*** Raw data Section Begins ***

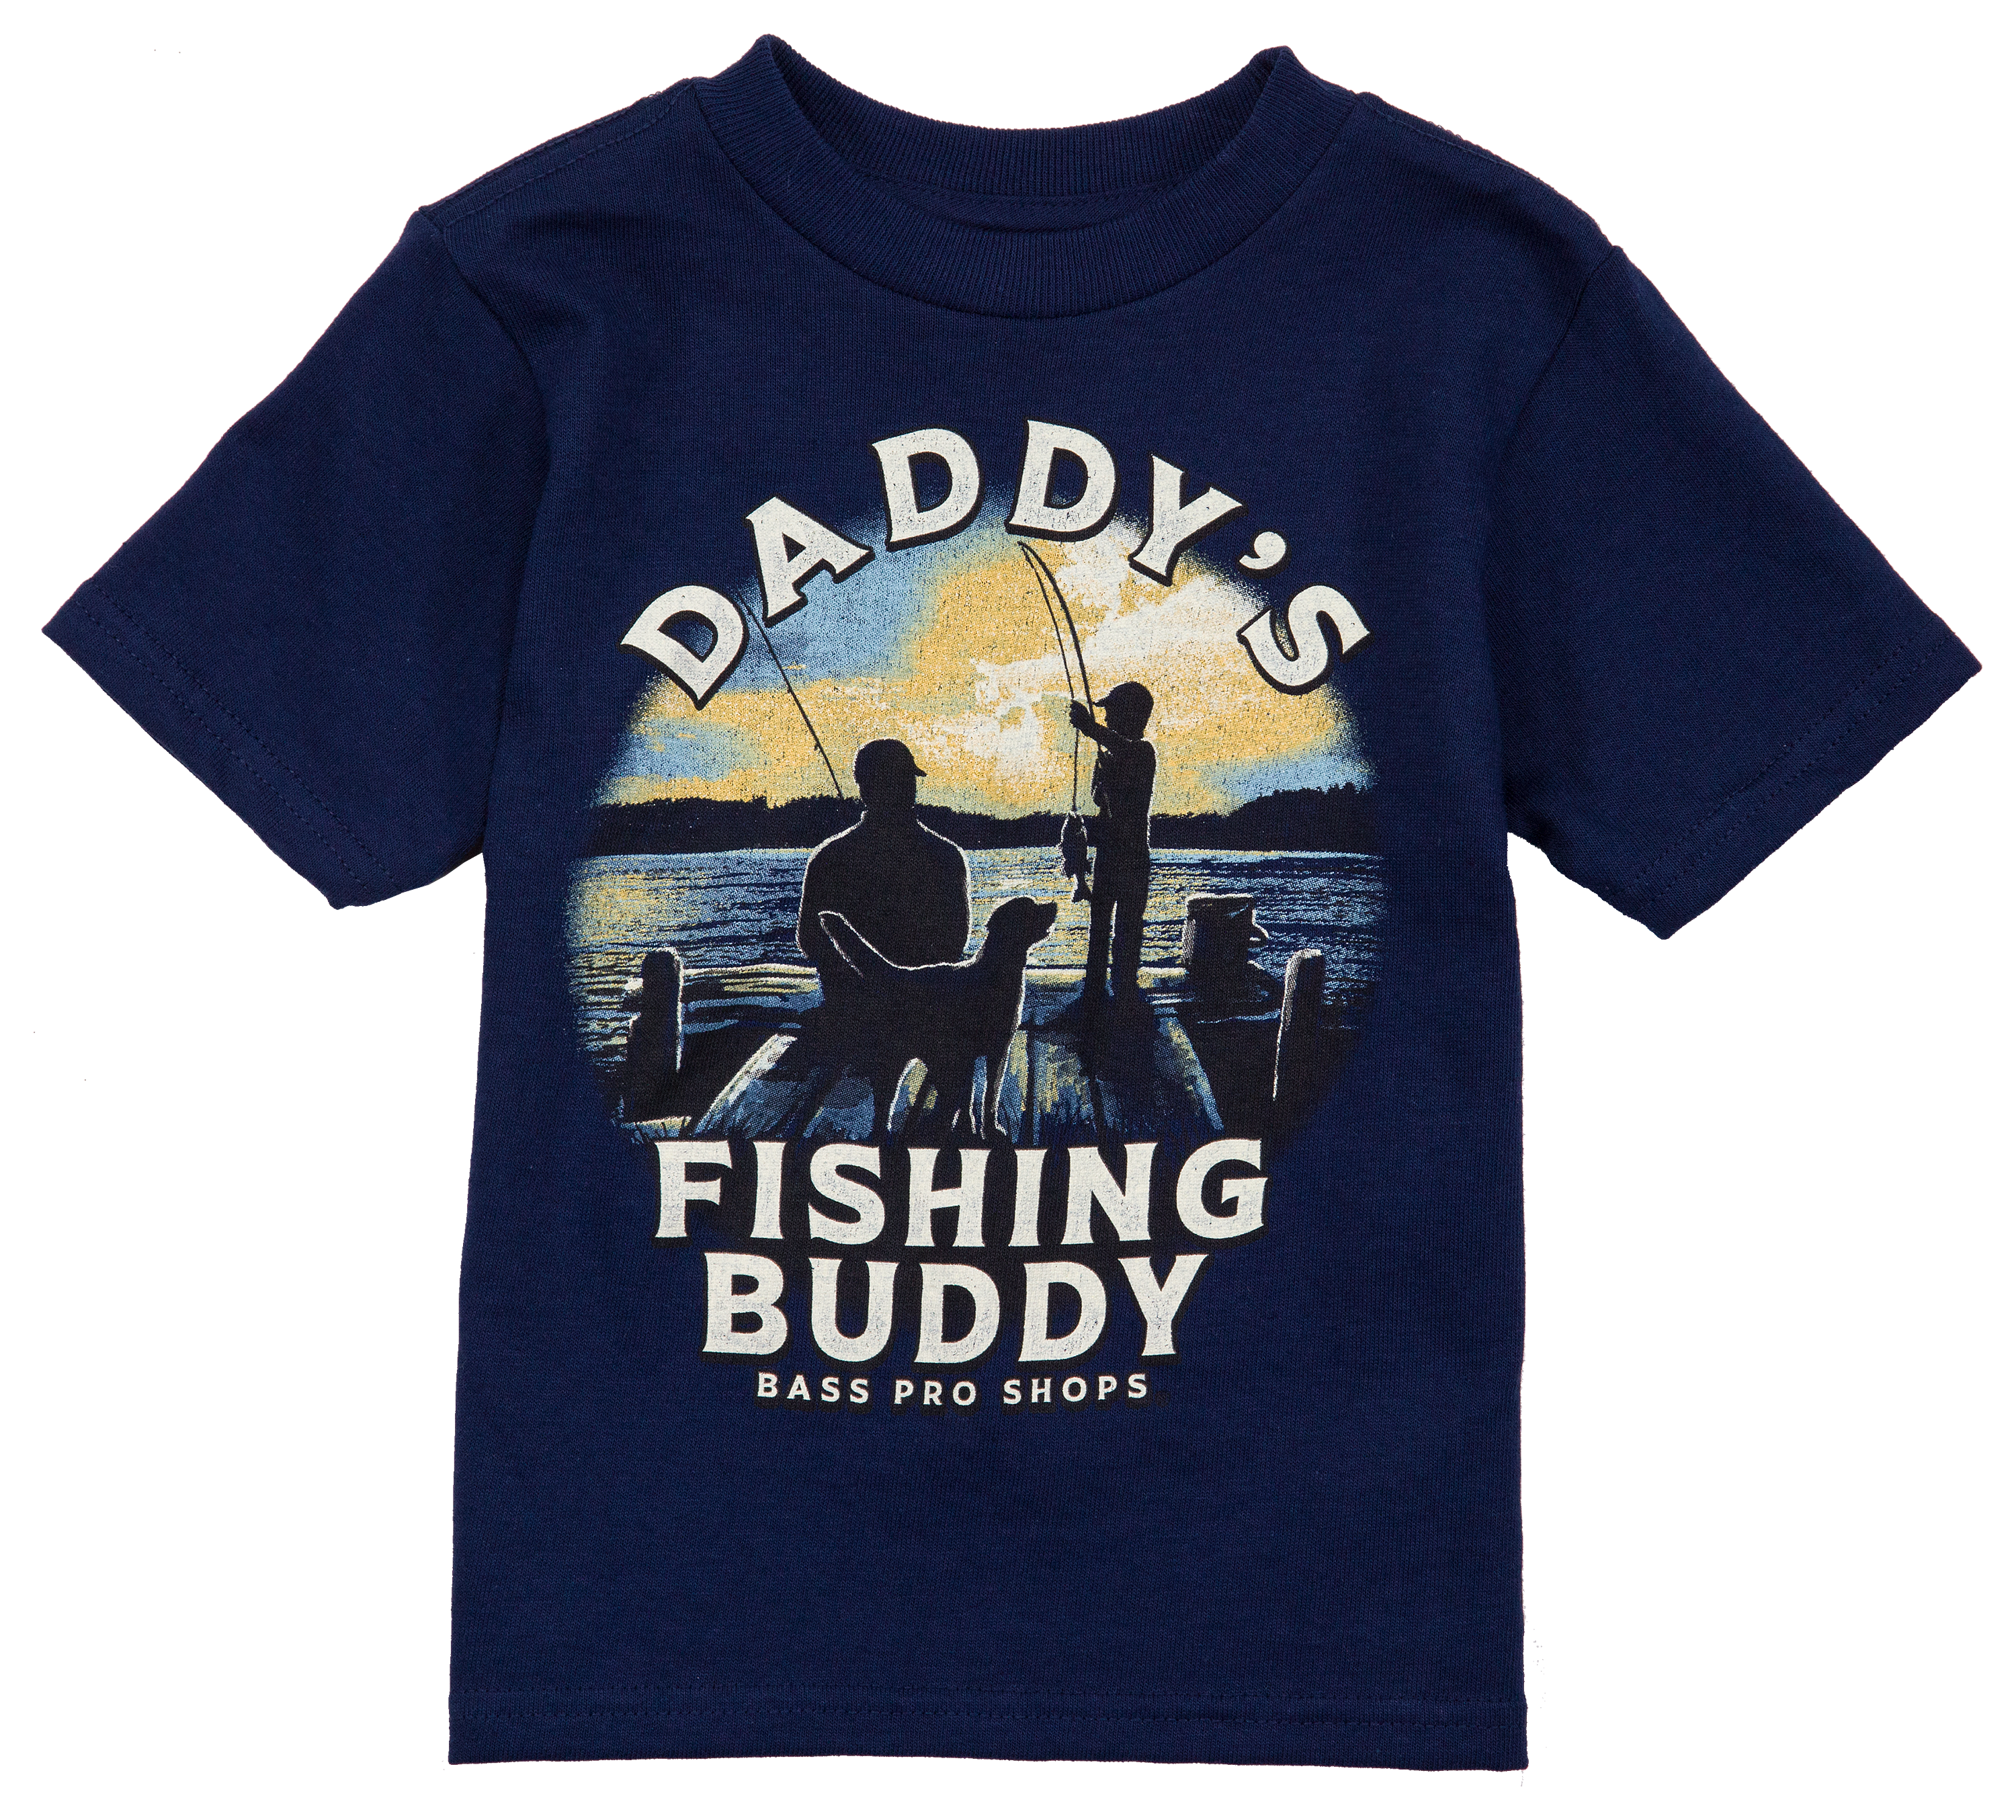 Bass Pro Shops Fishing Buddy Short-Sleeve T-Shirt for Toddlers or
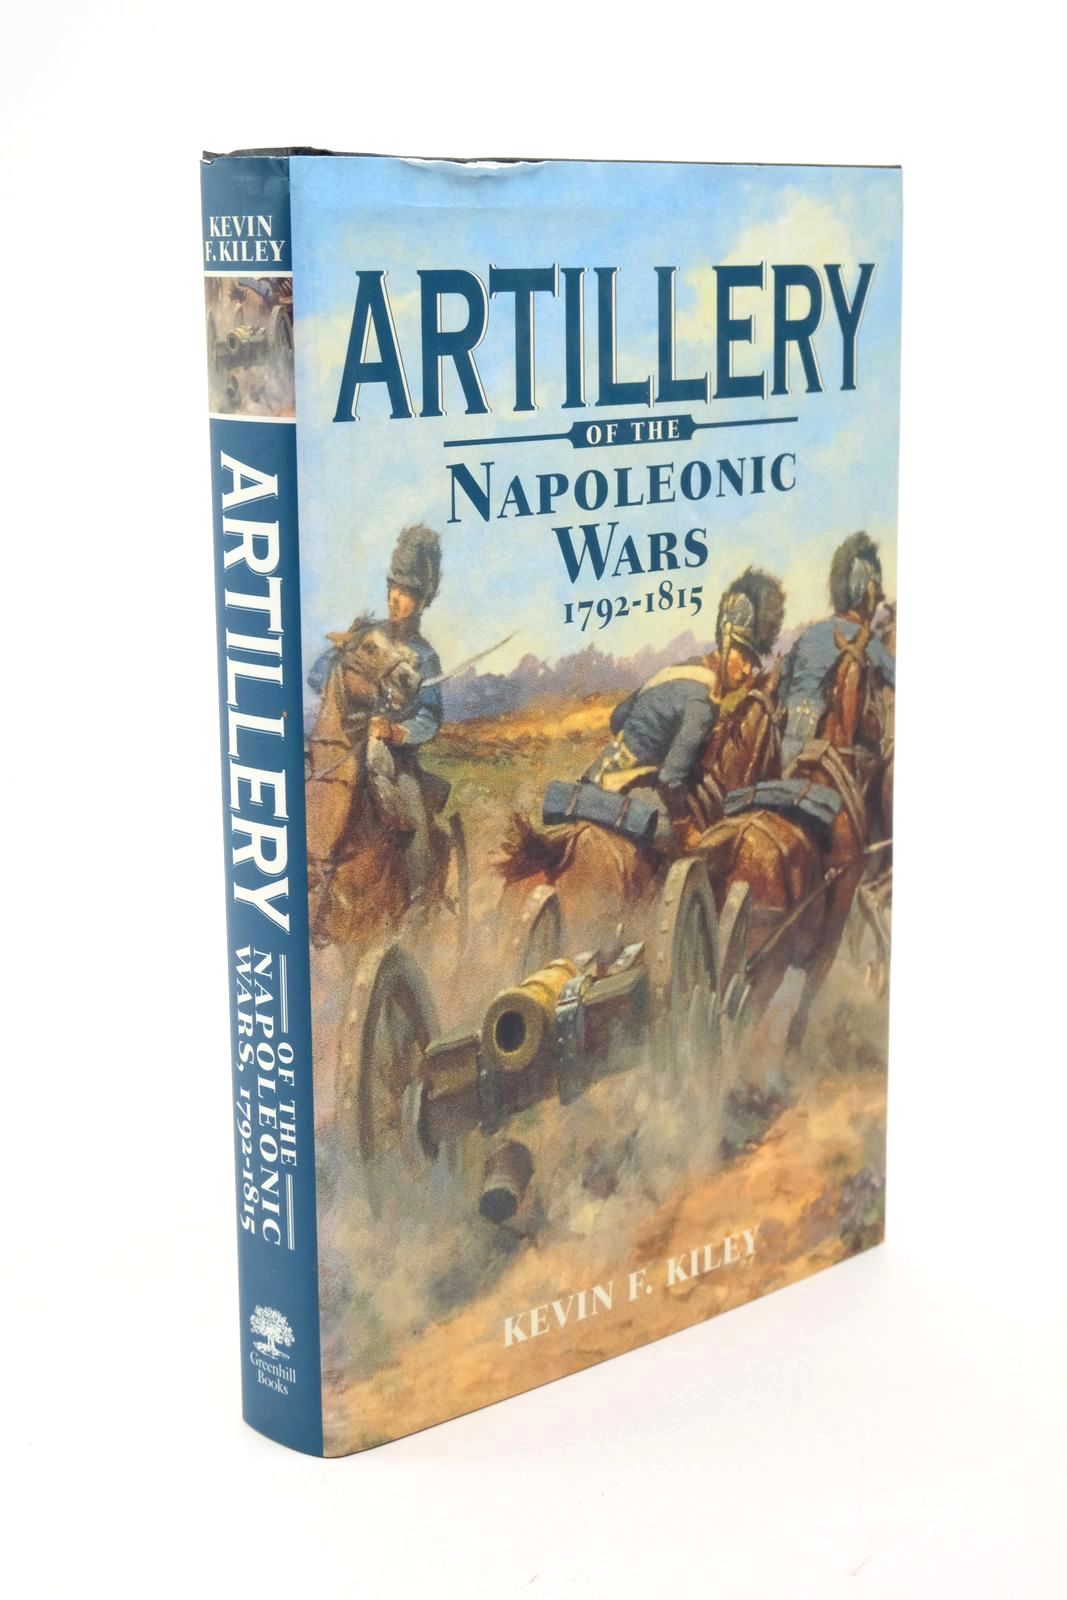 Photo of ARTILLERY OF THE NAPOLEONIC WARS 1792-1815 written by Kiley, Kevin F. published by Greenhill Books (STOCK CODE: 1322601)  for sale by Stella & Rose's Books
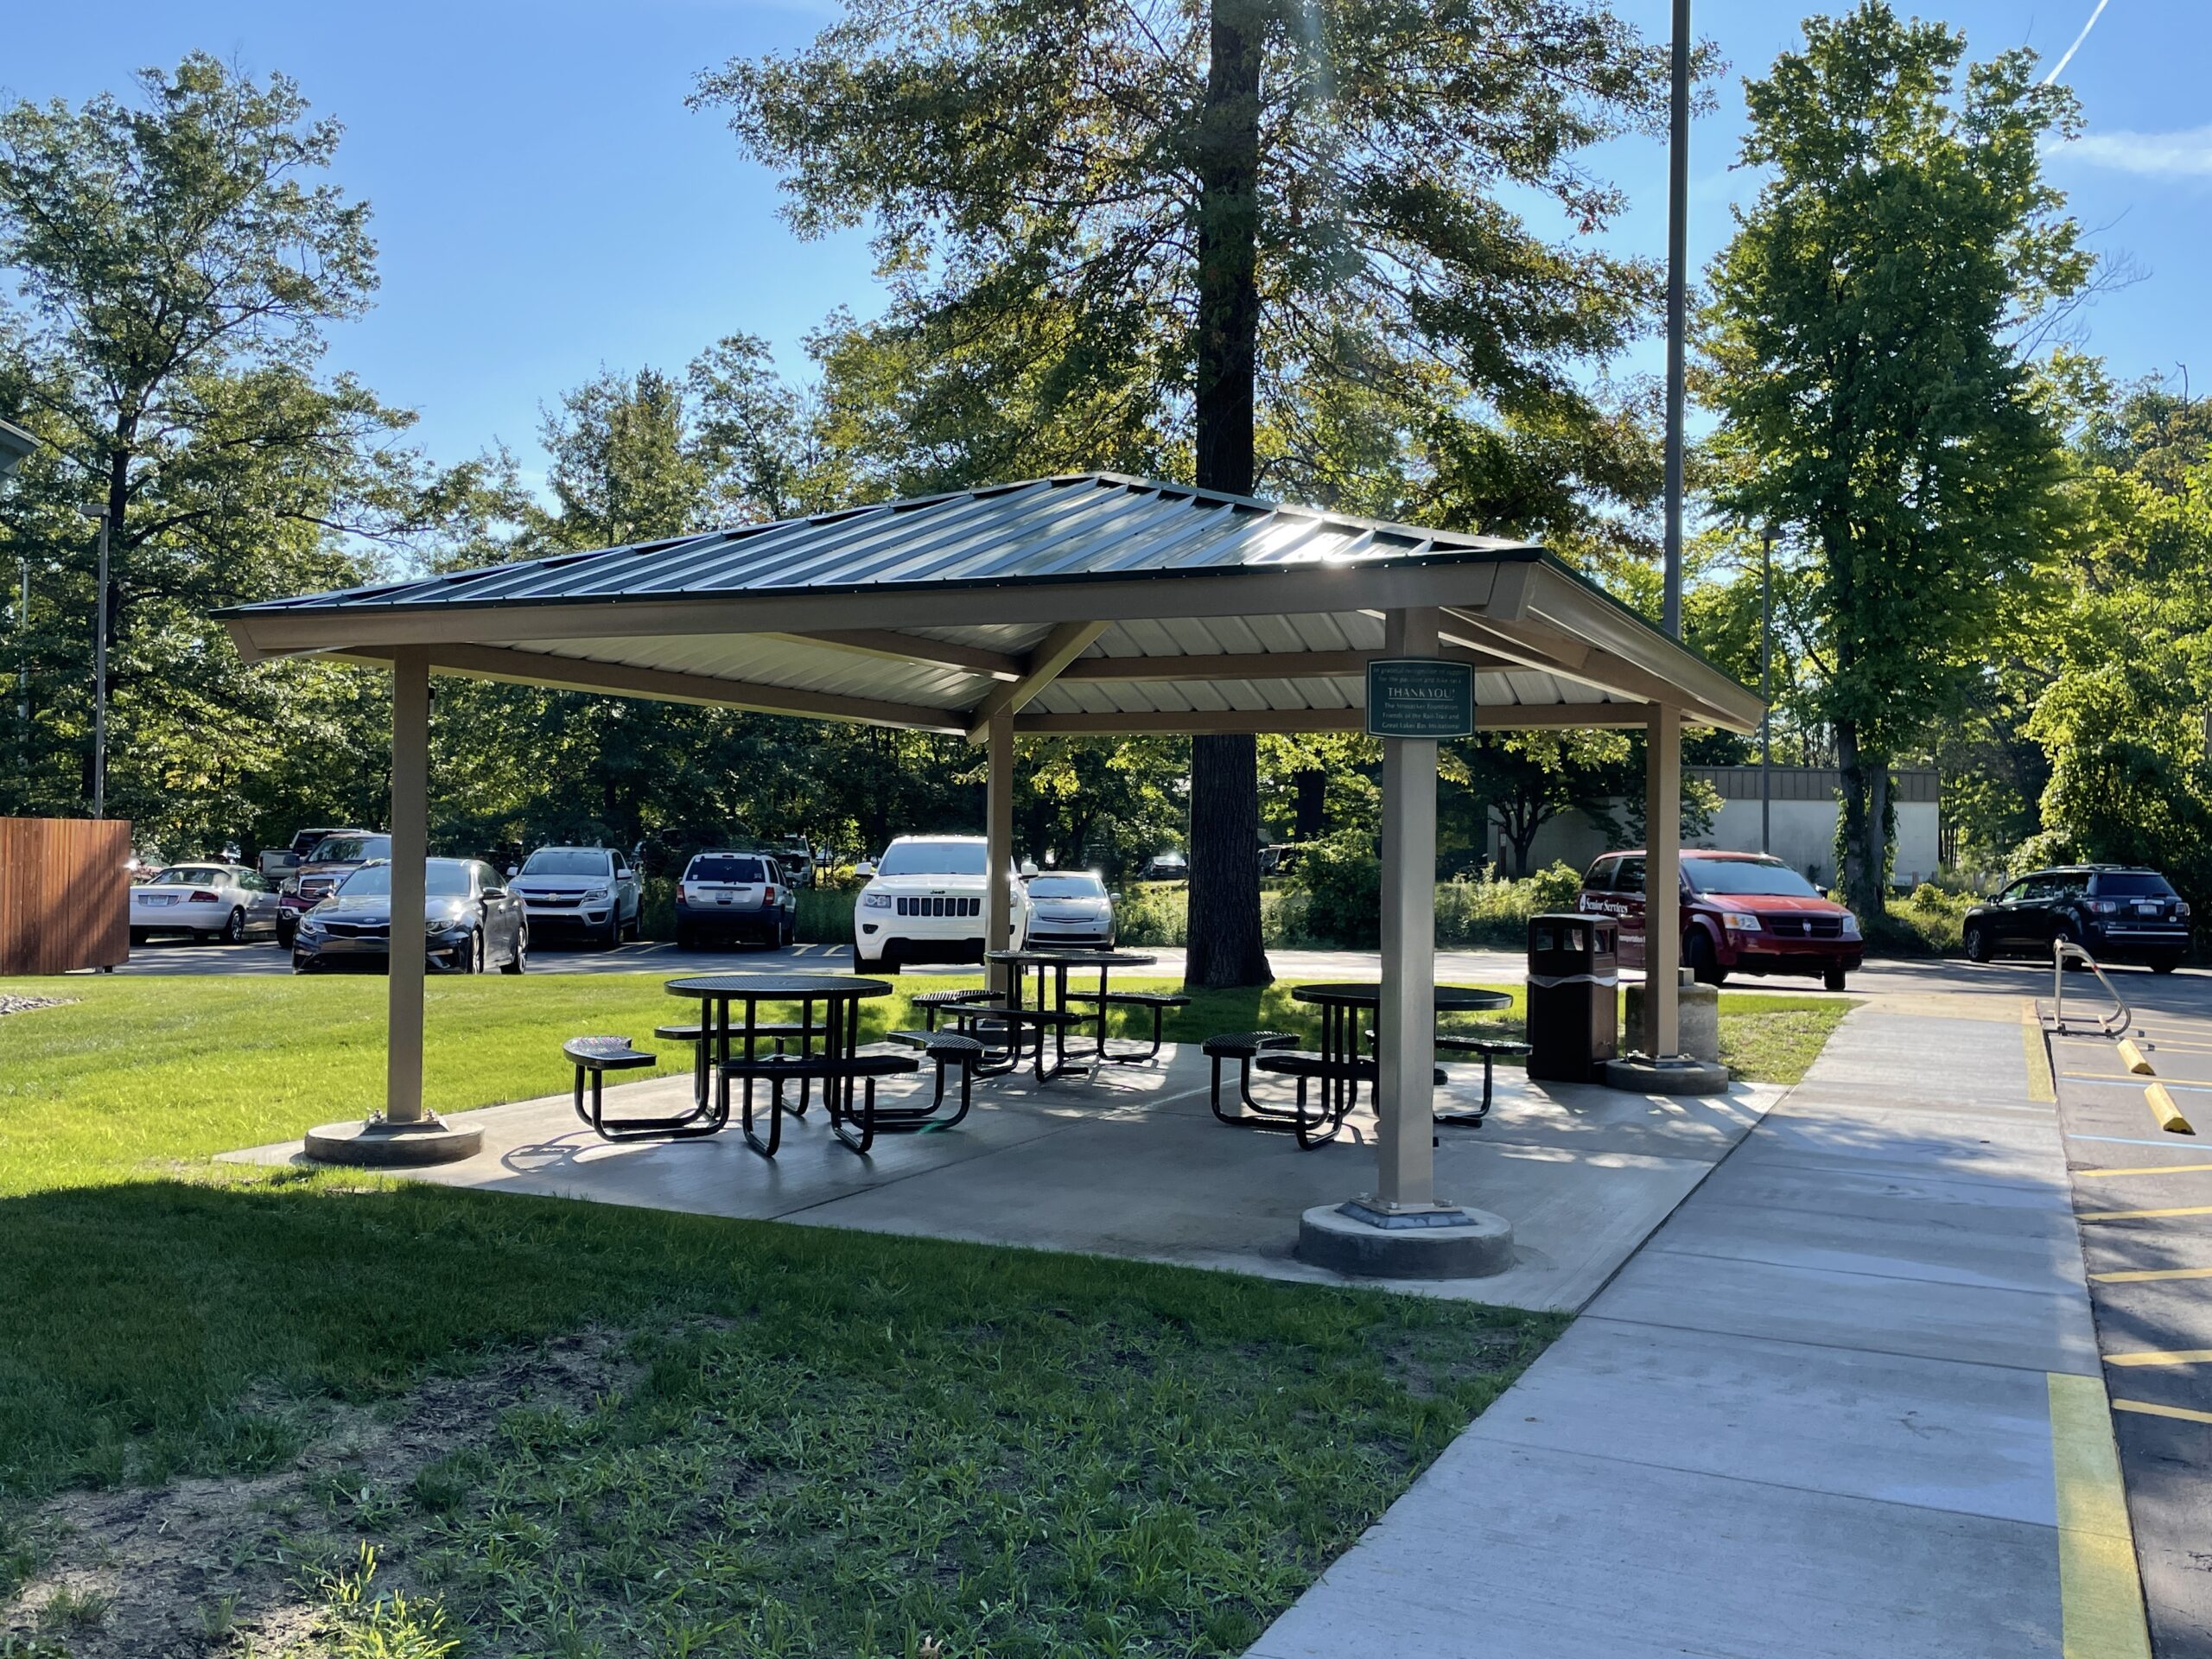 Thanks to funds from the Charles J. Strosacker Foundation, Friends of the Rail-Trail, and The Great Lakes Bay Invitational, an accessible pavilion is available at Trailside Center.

*** Raw data Section Ends ***

▸ Assigned task
In your answer, set down the full listing word for word and include no pictures.

▸ Result
 Bass Pro Shops Fishing Buddy Short-Sleeve T-Shirt for Toddlers or
 Photo of ARTILLERY OF THE NAPOLEONIC WARS 1792-1815 written by Kiley, Kevin F. published by Greenhill Books (STOCK CODE: 1322601)  for sale by Stella & Rose's Books
 Thanks to funds from the Charles J. Strosacker Foundation, Friends of the Rail-Trail, and The Great Lakes Bay Invitational, an accessible pavilion is available at Trailside Center.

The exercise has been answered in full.